México
Cuando las ideas pesan más que las plumas
El fanatismo de todos los tiempos parece que lleva a un callejón sin salida en donde se reprime a como dé lugar, tal como somos testigos en nuestros días
Años antes, en 1583, Bruno se había refugiado en Inglaterra para discutir sus ideas primero en Oxford y luego con sus amigos Philip Sidney (poeta), John Florio (traductor) y Fulke Graville (biógrafo de Sidney) quien le ofreció una cena el 14 de febrero de 1584, un Miércoles de Ceniza, donde pudo ventilar las ideas de Copérnico. Luego publicó esos diálogos como La cena de las cenizas, como lo menciona George Steiner en su ensayo Dos cenas (Vuelta, diciembre, 1996), dos cenas cuyos protagonistas fueron condenados a muerte por haber difundido sus ideas con sus discípulos: Sócrates, tal como lo refiere Platón en esa cena Banquete o Simposio antes de ser condenado con cicuta. La otra cena que asocia Steiner con la anterior, fue la última de Jesús con sus discípulos en el huerto de los Olivos, antes de ser crucificado, tal como lo cuenta Juan, uno de sus apóstoles y tal vez el discípulo predilecto.
Tanto Sócrates como Jesús y Giordano Bruno fueron condenados a muerte por haber expresado sus ideas. Otro caso fue Galileo Galilei que se llevó el susto de su vida cuando fue juzgado por la Inquisición en 1615, y todo por demostrar que la Tierra giraba y se movía —eppur si muove—, basado en la teoría de Copérnico y la revolución de las estrellas celestes.

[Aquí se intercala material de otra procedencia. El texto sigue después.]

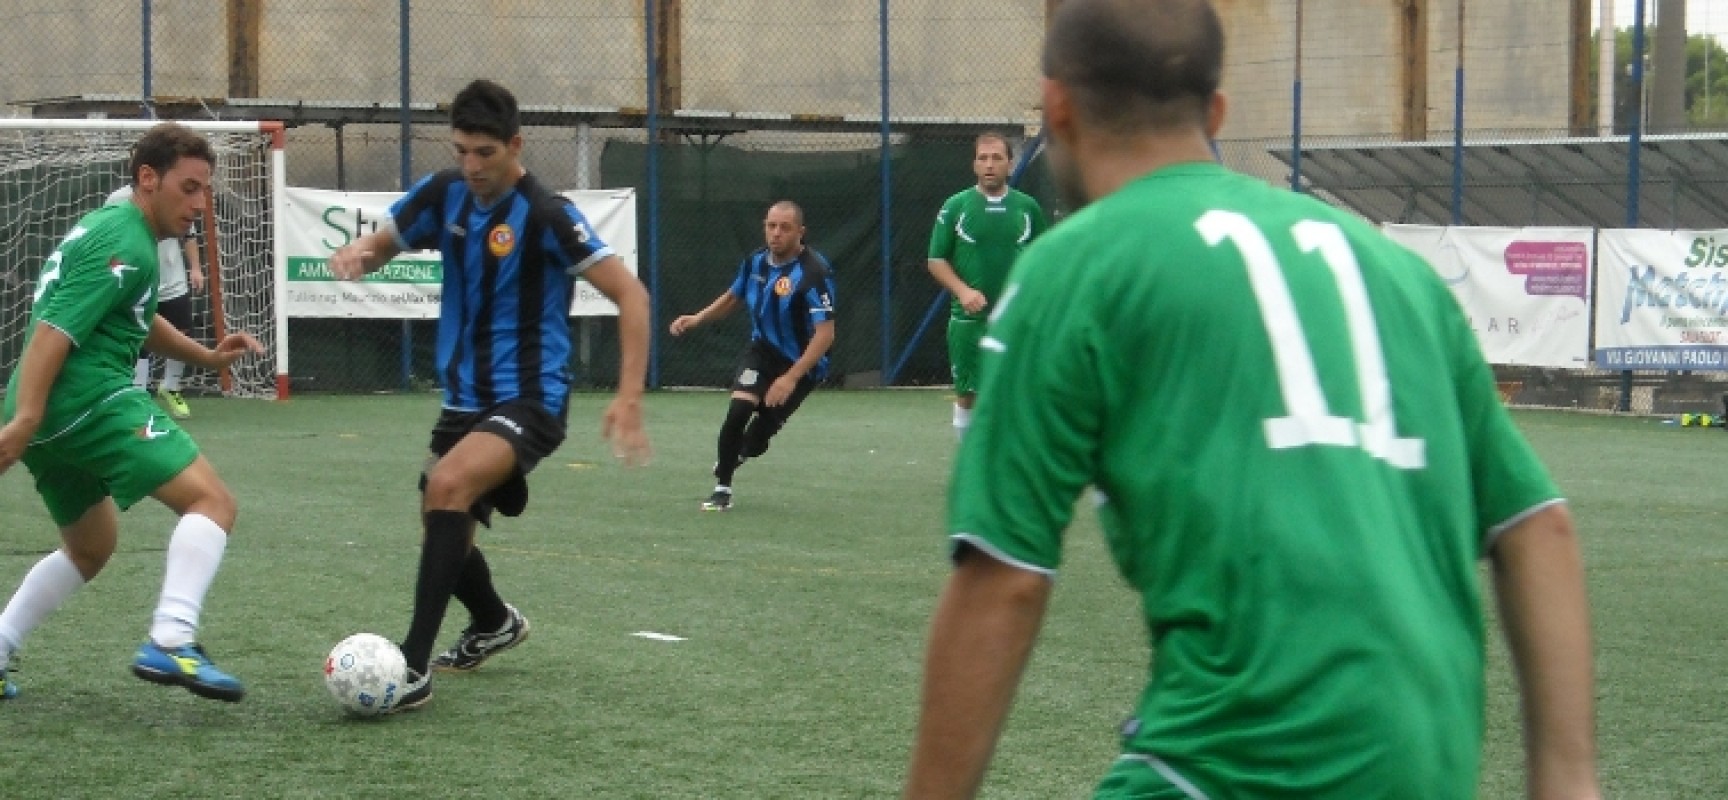 Coppa Italia serie C, ottimo esordio per il Santos Club
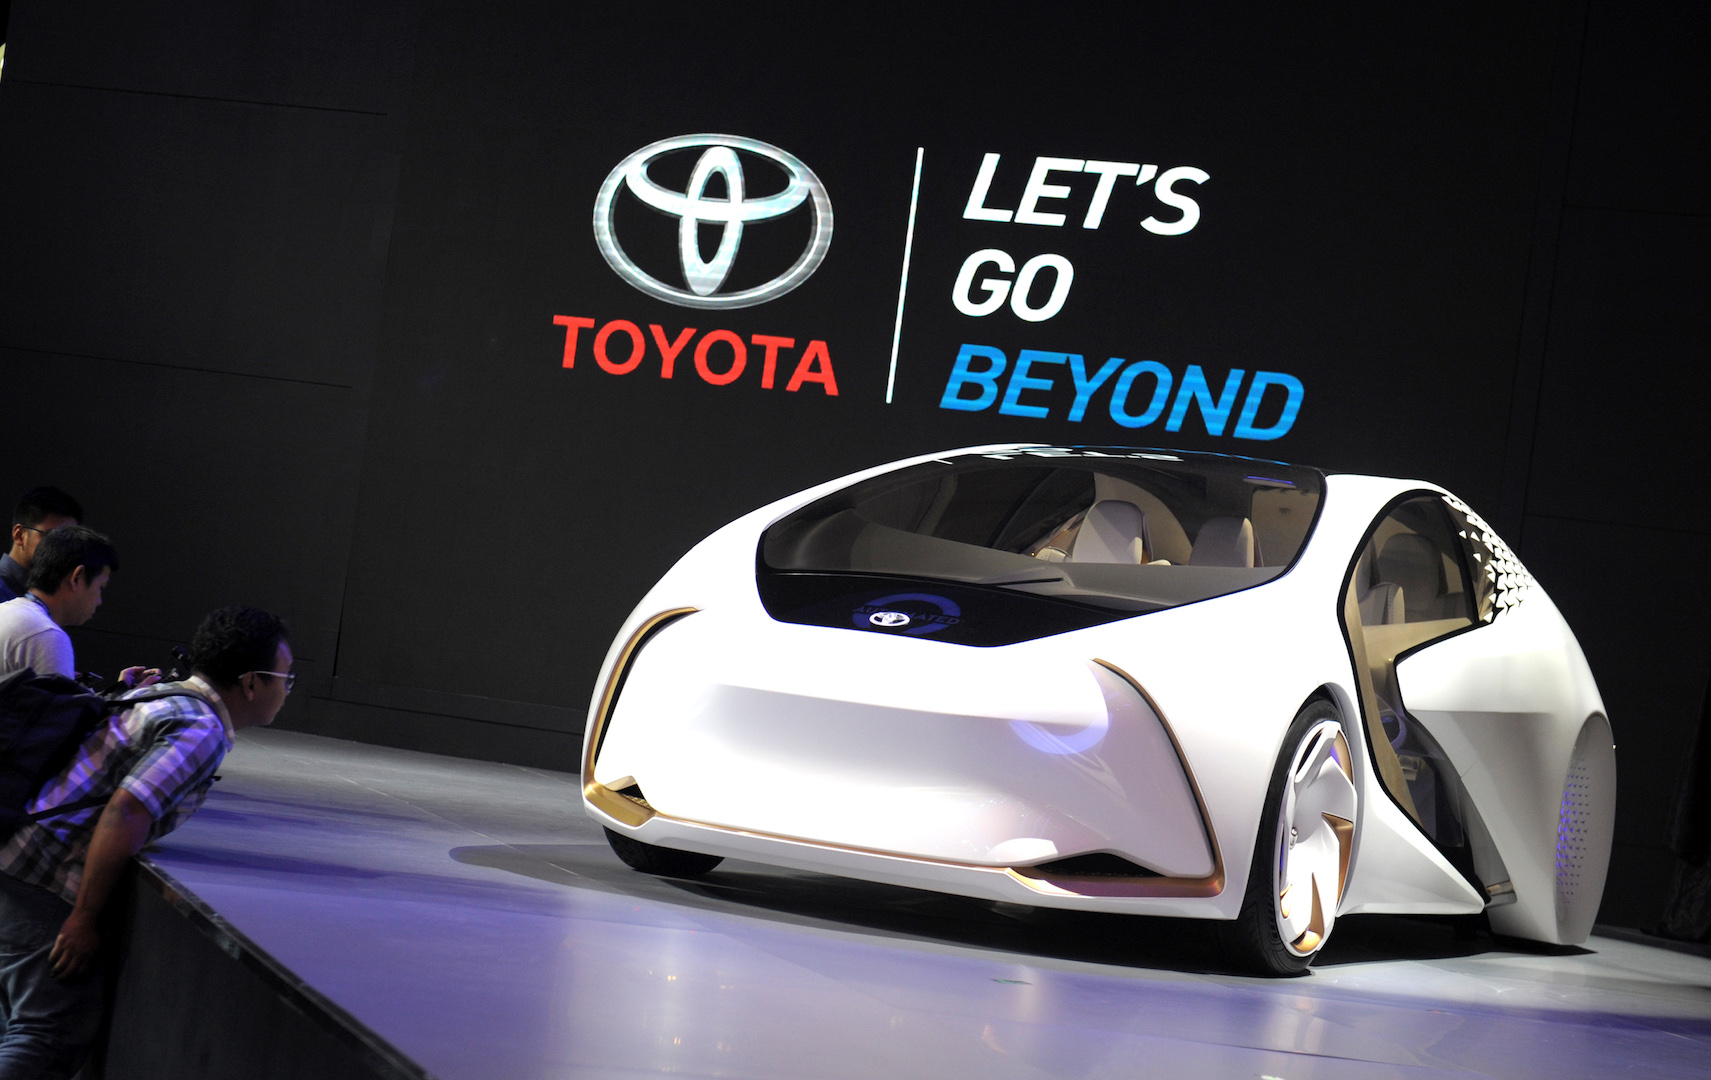 Laporan dari Singapura: Toyota Terpengaruh Larangan Impor Mobil Mewah?

Trescientos setenta y seis años después, en 1992, el Papa Juan Pablo II reconoció el error que la Iglesia había cometido y pidió perdón por haberlo acusado en 1615, argumentando que “la doctrina de que la Tierra no es el centro del universo, ni es inamovible, sino que se mueve con una rotación diaria, es absurda, tanto filosófica como teológicamente falsa y, como mínimo, es un error de fe... y eso de afirmar que la Tierra gira alrededor del Sol es tan erróneo, como proclamar que Jesús no nació de una virgen”.
Acomodando estas piezas, las tres cenas donde difundieron sus ideas y el juicio de Galileo donde las defendió, nos damos cuenta que éstas pesan más que las plumas de un cisne.